Her report also stated there were links between the UDA and members of the police and the Army's Ulster Defence Regiment (UDR).

But police failed to deal "appropriately" with members of the security forces suspected of, or involved in, the passing of sensitive information.

One of two former police officers she reported to the Public Prosecution Service (PPS) during the course of her investigation was suspected of leaking information.

The other had failed to disclose a suspect in one of the shootings was also an informant.

The PPS directed that neither individual should be prosecuted.

Mark Thompson, of Relatives for Justice, speaking on behalf of a number of the victims' families, said they had been "vindicated in their long-held belief that collusion was a dominant theme in the murders".

Ms Anderson's report stated that "generally" police investigations into the attacks were prompt and thorough, resulting in a number of convictions.

It also found a number of instances where they obtained information from informants which disrupted the UDA and "may have saved lives".

The worst of the attacks was at The Rising Sun bar in the village of Greysteel in County Londonderry in October 1993, which left eight people dead - seven Catholics and one Protestant.

Image source, Pacemaker
Image caption,
The killings in Greysteel happened a week after the Shankill bombing as people were celebrating Halloween

One of the gunmen shouted "trick or treat" before he opened fire.

It was in retaliation for the IRA's Shankill bombing a week earlier.

The report stated that while it was predicted UDA activity would escalate in response to the bombing, there "was no specific intelligence that the North West UDA was planning an attack".

PSNI Deputy Chief Constable Mark Hamilton said: "The peace process has changed the context for policing.

"The Police Service of Northern Ireland now have greatly improved policies and procedures which guide our response to potential threats and how we approach criminal investigations and the management of intelligence.
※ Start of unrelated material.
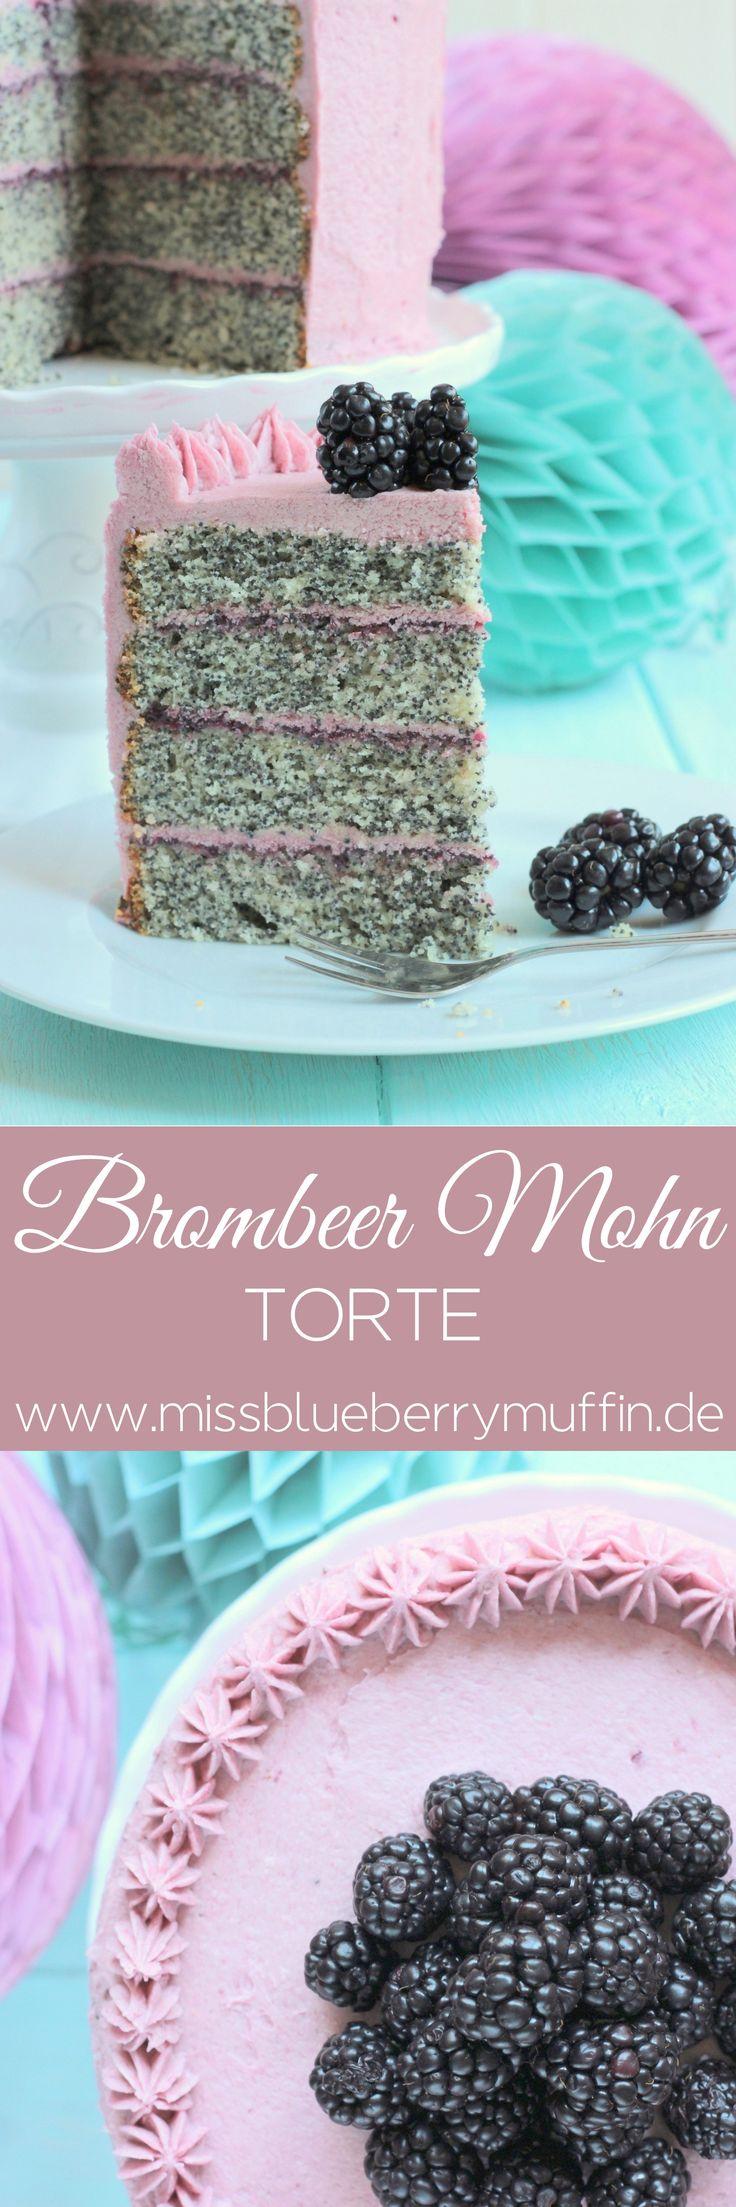 Zauberhafte Brombeer-Mohn-Torte mit Pudding-Buttercreme. Eine ausgefallene Idee…

"These policies and procedures are firmly embedded in principles of the Human Rights Acts 1998. We welcome the fact that the ombudsman has recognised these positive developments in her report.
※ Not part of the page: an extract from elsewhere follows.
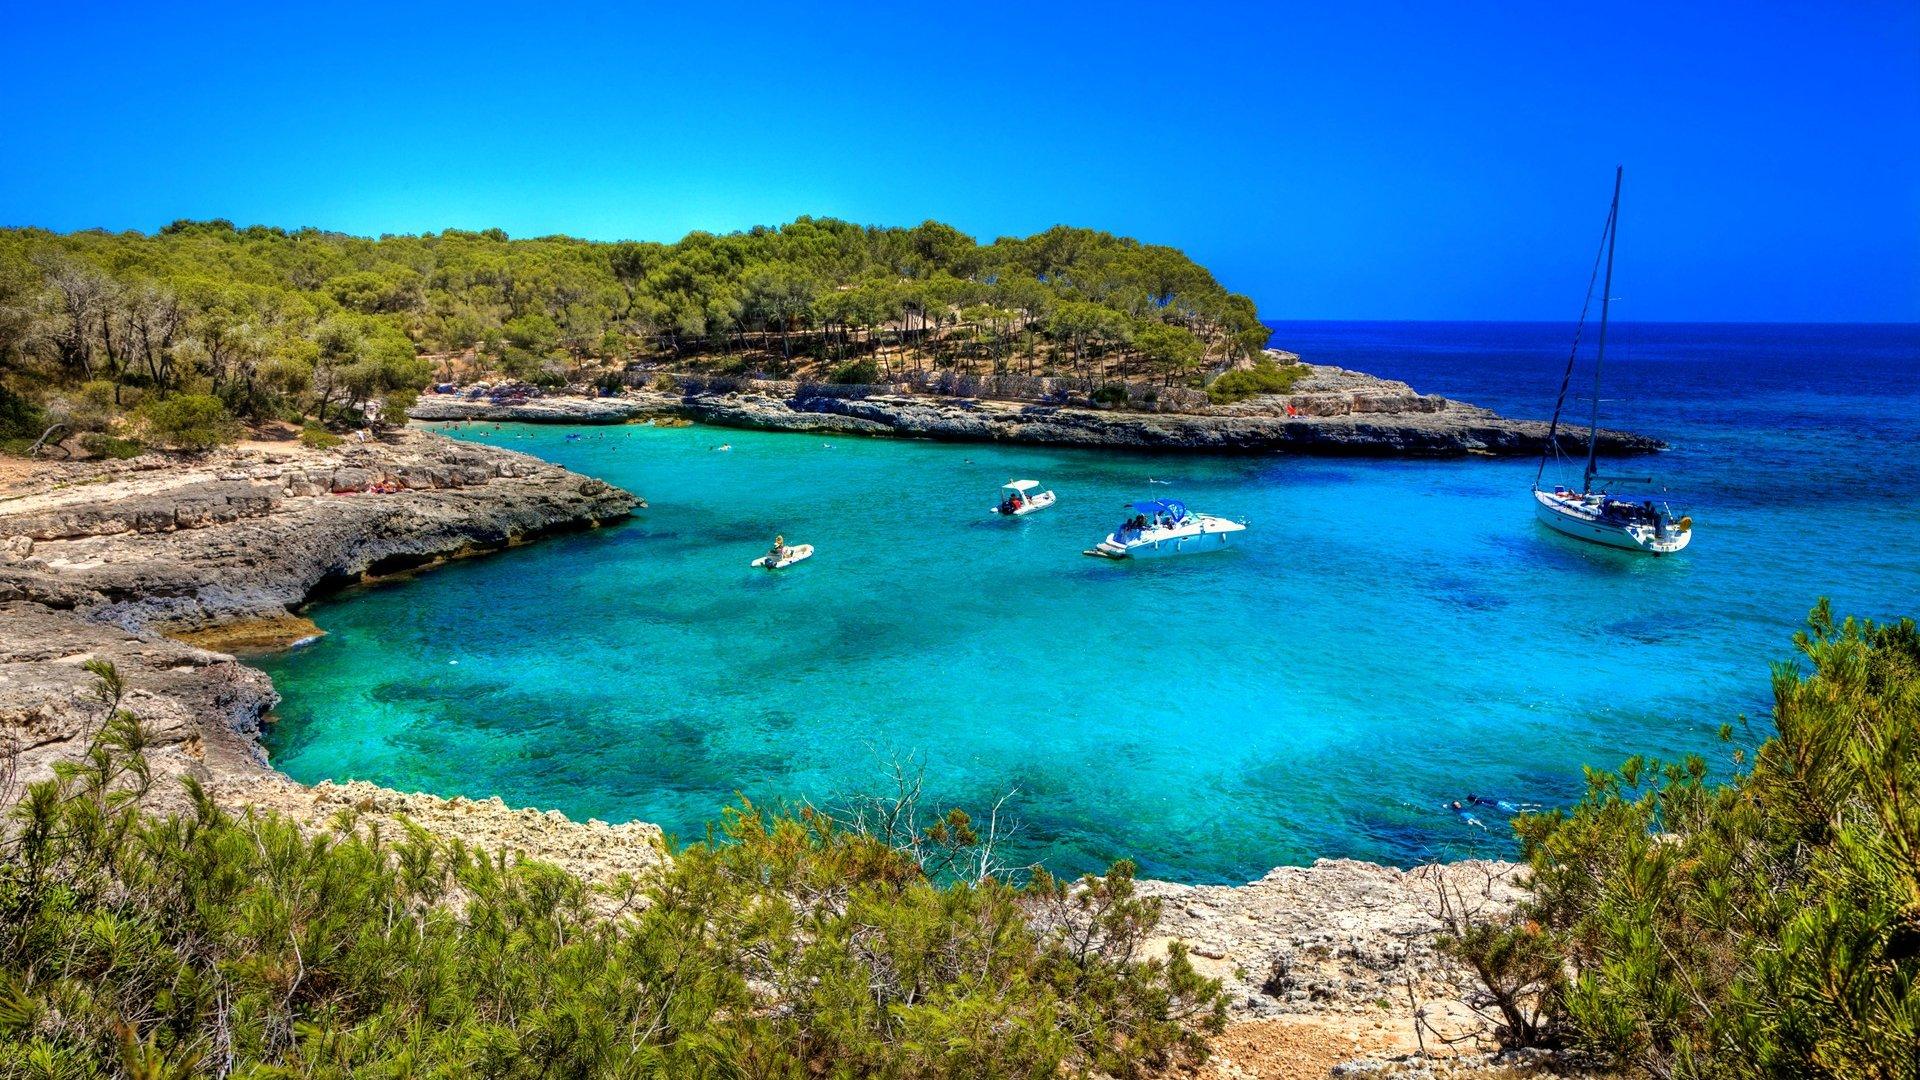 Maiorca e Menorca: 11 motivos para conhecer duas Ilhas Baleares

"The Police Service of Northern Ireland remains firmly committed to bringing those responsible for these murders to justice.

"We appeal to the community for information that will assist our Legacy Investigation Branch detectives in their investigations.

Solicitor Niall Murphy, whose firm represents some of the families involved, said: "Regretfully, it is of no surprise and confirms and validates complaints and concerns the families have had for decades.

"This report should not be read in a vacuum but should be read in a sequence of public statements that confirm the policy of collusion was a systemic state policy," he told the BBC's Good Morning Ulster.

He added that the report was a "significant body of evidence" that he would reflect intently on and consult with his clients as to what was the next step.

"I suspect in the fullness of time there may be a coherent call for a public inquiry into how our society was policed in the late 80s and early 90s," he said.

'Blatant disregard for life'

The UFF claimed responsibility for the 1991 gun attack which killed Patrick Shanaghan in Castlederg, County Tyrone.

His family have welcomed some aspects of the ombudsman's report which said that their concerns about collusion in regards to his death were "legitimate and justified".

The report touched on the fact that a police officer had prevented a local doctor from giving Mr Shanaghan medical treatment at the scene of the shooting.

However, the family was also critical that the ombudsman was not able to deal with their claims that in the lead up to his killing, Mr Shanaghan had been subjected to harassment and death threats from police officers.

In a statement, the family said, "What is most distressing for us was the blatant disregard the police had for Patrick's life and the inexcusable refusal of police to allow medical assistance for Patrick after he was shot.

"As in life, Patrick was in death, denied the most basic of human rights."